L’éducation se passe aussi en dehors de l’école

Avec Solidarité Laïque, les Francas travaillent avec des partenaires locaux pour imaginer des formes d’éducation complémentaires de l’école. Explications avec Marc Epron, délégué national des Francas aux actions internationales et européennes.
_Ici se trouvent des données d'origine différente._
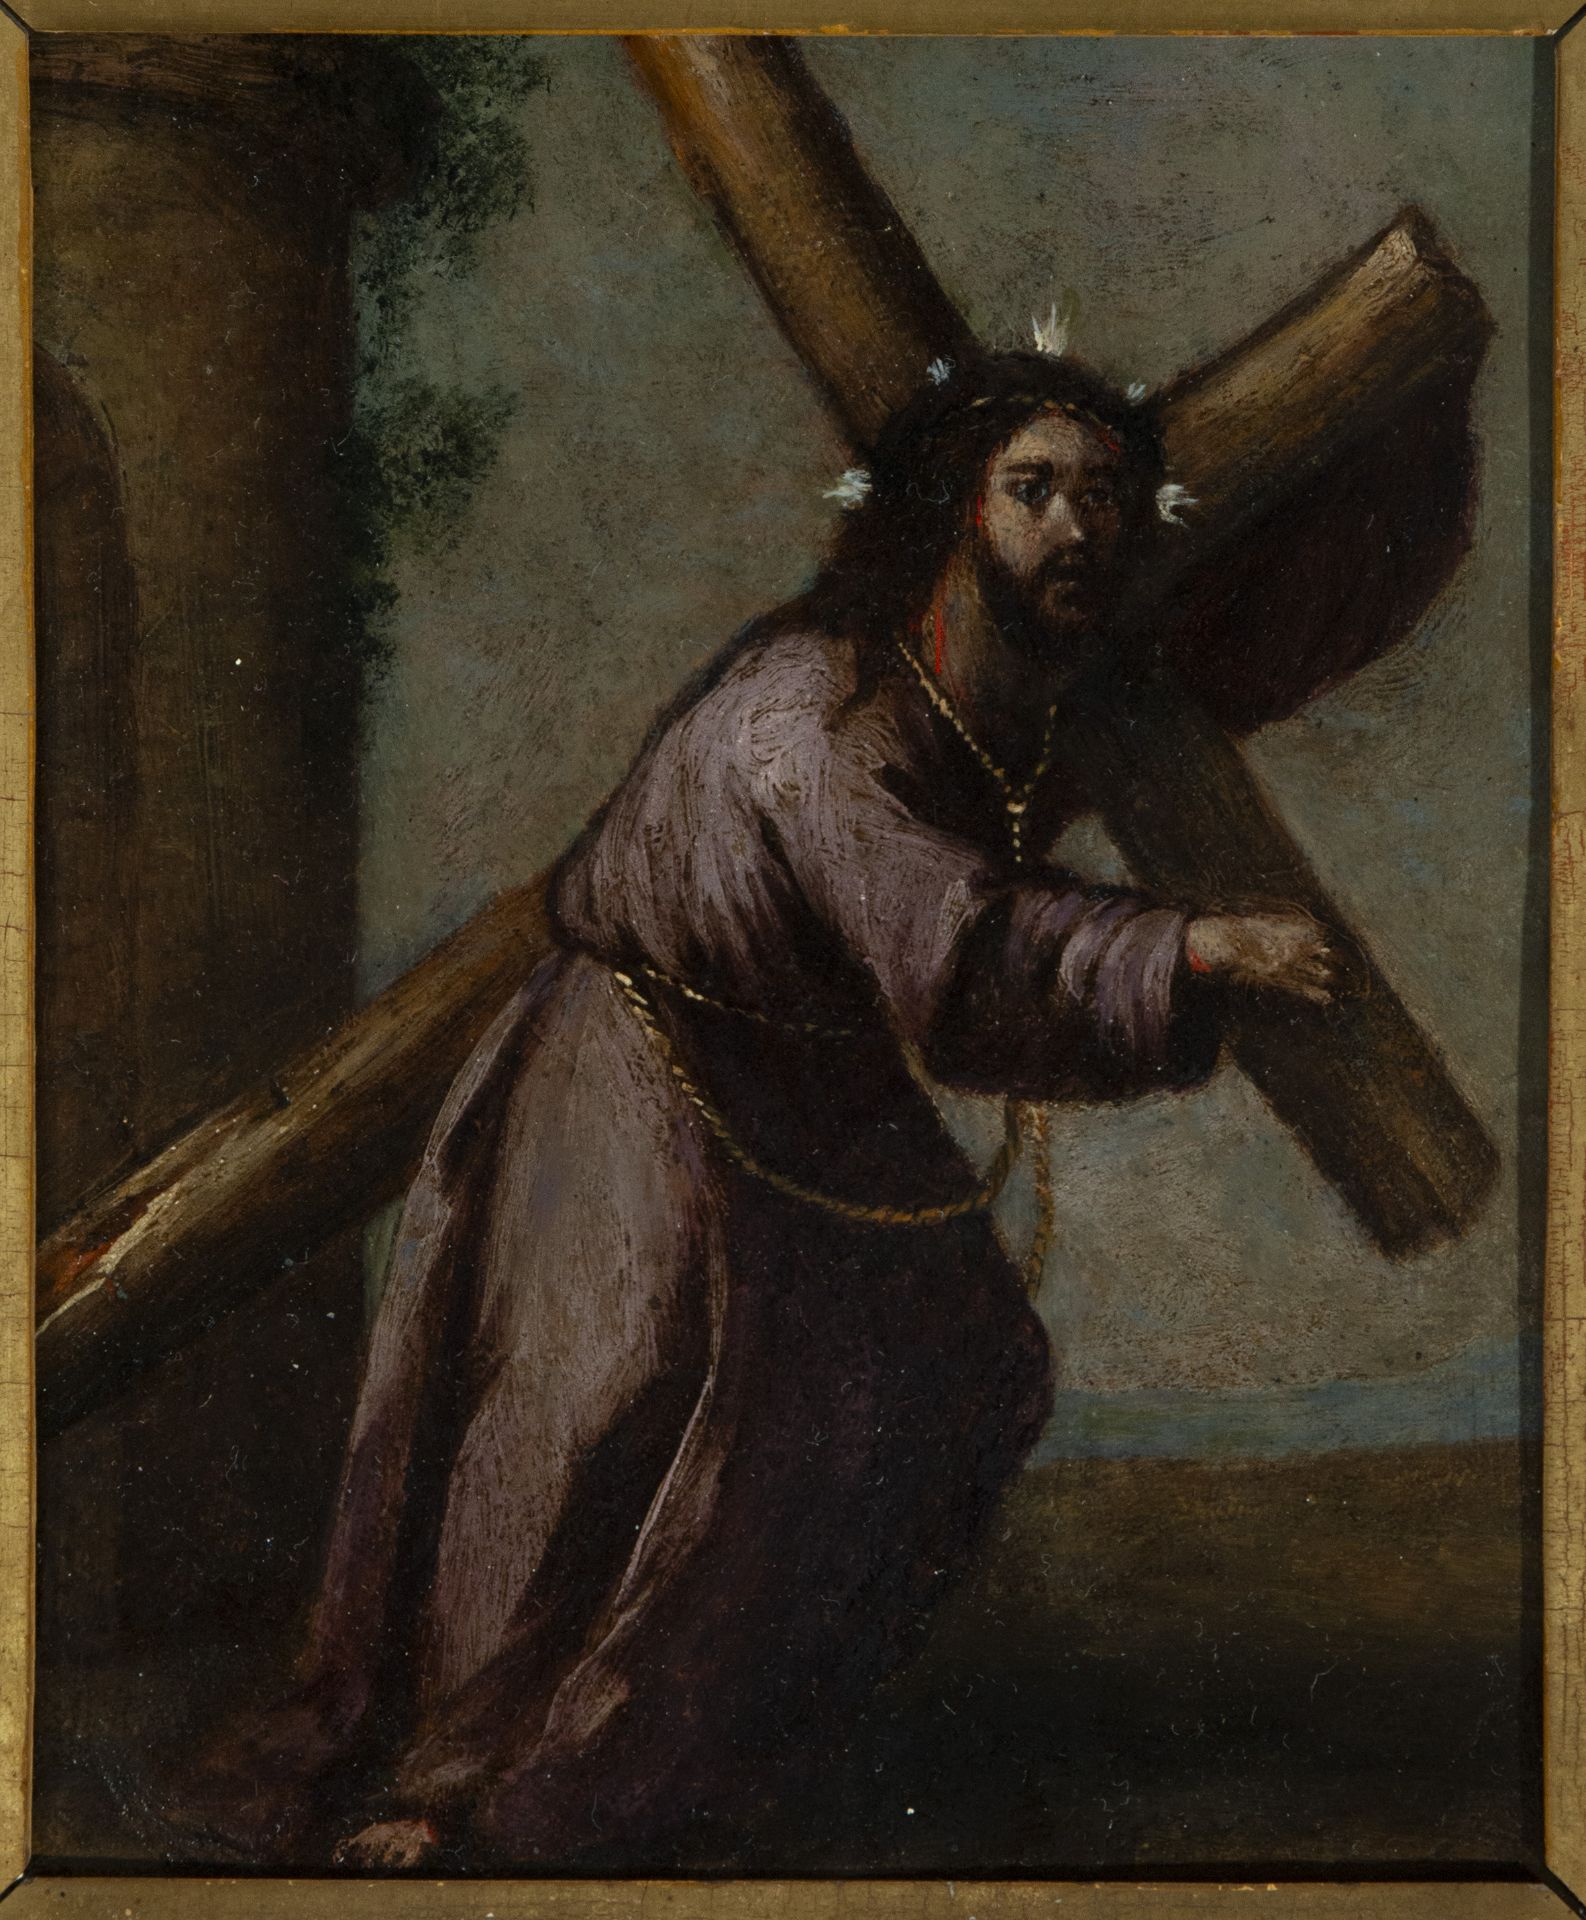 Jesus with the Cross on His Back, colonial work from the 18th century - Bild 2 aus 3
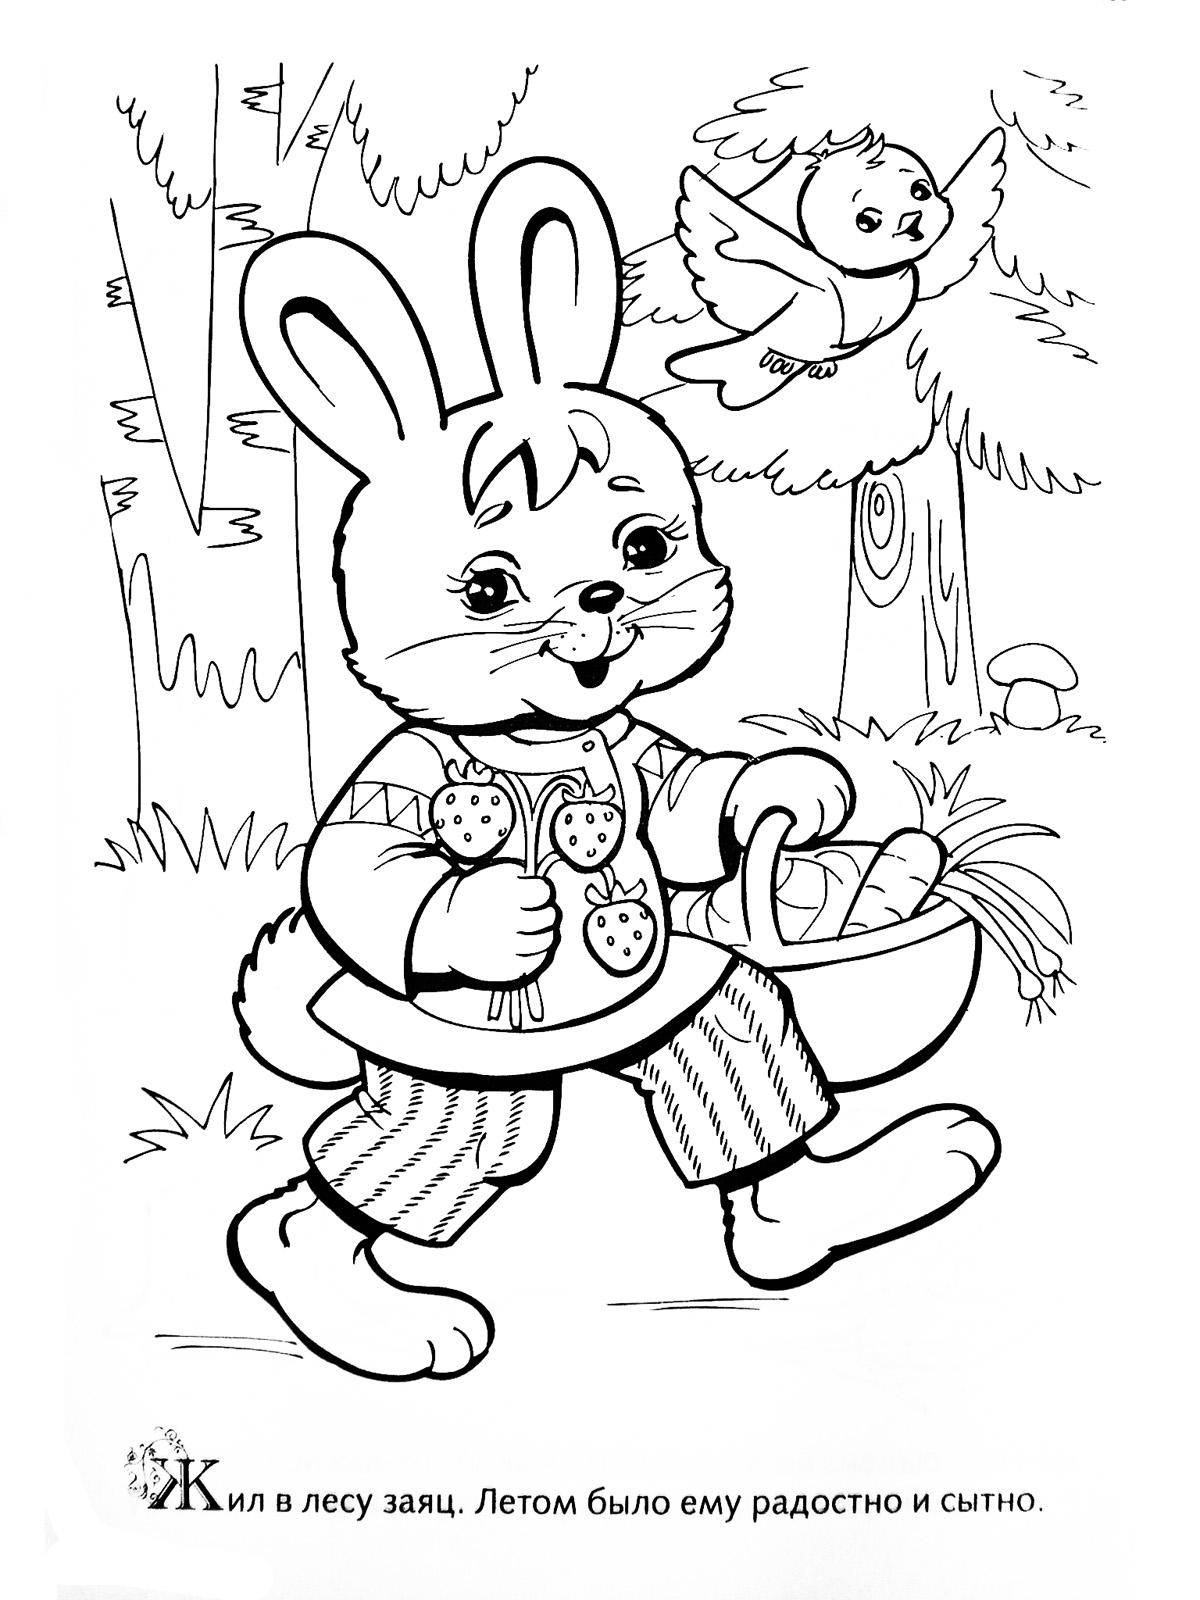 Coloring Figure of a hare with fruits and vegetables in the forest. Category Pets allowed. Tags:  hare, rabbit.

Dans les actions en faveur du développement, l’éducation tient une bonne place. Mais l’éducation se limite-t-elle à l’école ?

 

L’éducation qui ne se déroule pas dans le cadre des systèmes éducatifs classiques participe, comme l’éducation formelle, à la dignité humaine, à l’émancipation, à l’épanouissement et à l’insertion des personnes dans la société. Mais force est de constater que bien souvent, dans les pays avec lesquels nous échangeons, elle est souvent négligée par les pouvoirs publics. Il arrive aussi comme en Afrique de l’ouest, en Haïti, au Laos, que l’éducation non formelle pallie des insuffisances de l’Etat, du fait d’un manque de moyens, d’inconséquence ou de hiérarchie des priorités. Or, pour les enfants et les jeunes, il est intéressant de pouvoir disposer de différents espaces éducatifs.

 

En quoi l’éducation non formelle favorise-t-elle le développement de l’enfant ?

 

Quand on participe à des activités qu’on ne pratique ni dans le cadre familial ni dans le cadre scolaire, on se construit, on se découvre en tant que personne. On découvre aussi l’espace des habiletés, artistiques ou autres, par lesquelles on peut entreprendre, concrétiser des choses et développer ses capacités. Enfin, dans le cadre de ses activités, on apprend à écouter, à prendre la parole, à participer et, au final, à vivre ensemble. Quant aux approches pédagogiques, elles associent un aspect ludique, une forte implication personnelle et un jeu permanent entre l’individuel et le collectif : l’enfant est tantôt dans un apprentissage personnel parce qu’il a besoin d’appréhender quelque chose par le tâtonnement et, à d’autres moments, il est dans des dynamiques collectives où le groupe devient support de l’apprentissage.

 

Au Bénin, en Tunisie ou en Haïti, les Francas interviennent avec Solidarité Laïque. Comment procédez-vous pour mettre en place ce type de projets ?

 

Concrètement, tout commence par l’écoute, la compréhension de la logique d’une communauté et de son histoire. Il y a une part très importante de diagnostic partagé avant de commencer à agir ensemble. Ce que nous avons développé avec nos partenaires s’inscrit toujours dans le temps. Si on veut mener des actions durables, ce temps du partage des histoires, des cultures et des pratiques est absolument nécessaire. Bref, pour tout ce qui touche au développement local, dont l’éducation fait partie, ce sont d’abord les acteurs du territoire qui doivent formuler leurs besoins. C’est eux qui mettent en place des dynamiques propres pour l’avenir de leurs enfants et le développement de leur pays.

 

L’épanouissement des enfants et des jeunes influe-t-il sur le développement des pays ?

 

C’est une question très difficile à apprécier ! Mais les mouvements de jeunesse et d’éducation populaire ne s’impliqueraient pas autant auprès des enfants et des jeunes si cette finalité n’était pas visée : le mieux-être individuel, le mieux-être en société, et une contribution collective au devenir d’un pays.

 

Les enjeux de l’éducation non-formelle selon l’Unesco

“L’éducation non-formelle joue un rôle de plus à plus important en vue de faire de l’Éducation pour tous (EPT) une réalité et d’atteindre les Objectifs du Millénaire pour le développement. Divers facteurs récents tels que la diversification des besoins individuels d’apprentissage dans une société en évolution rapide, les problèmes irrésolus d’analphabétisme et de non-scolarisation des enfants, les limites inhérentes à la nature du système éducatif formel dans la manière dont l’enseignement est dispensé et le recours accru aux technologies de l’information et de la communication, ont conduit les parties prenantes à l’EPT à examiner de près le potentiel de l’éducation non-formelle.”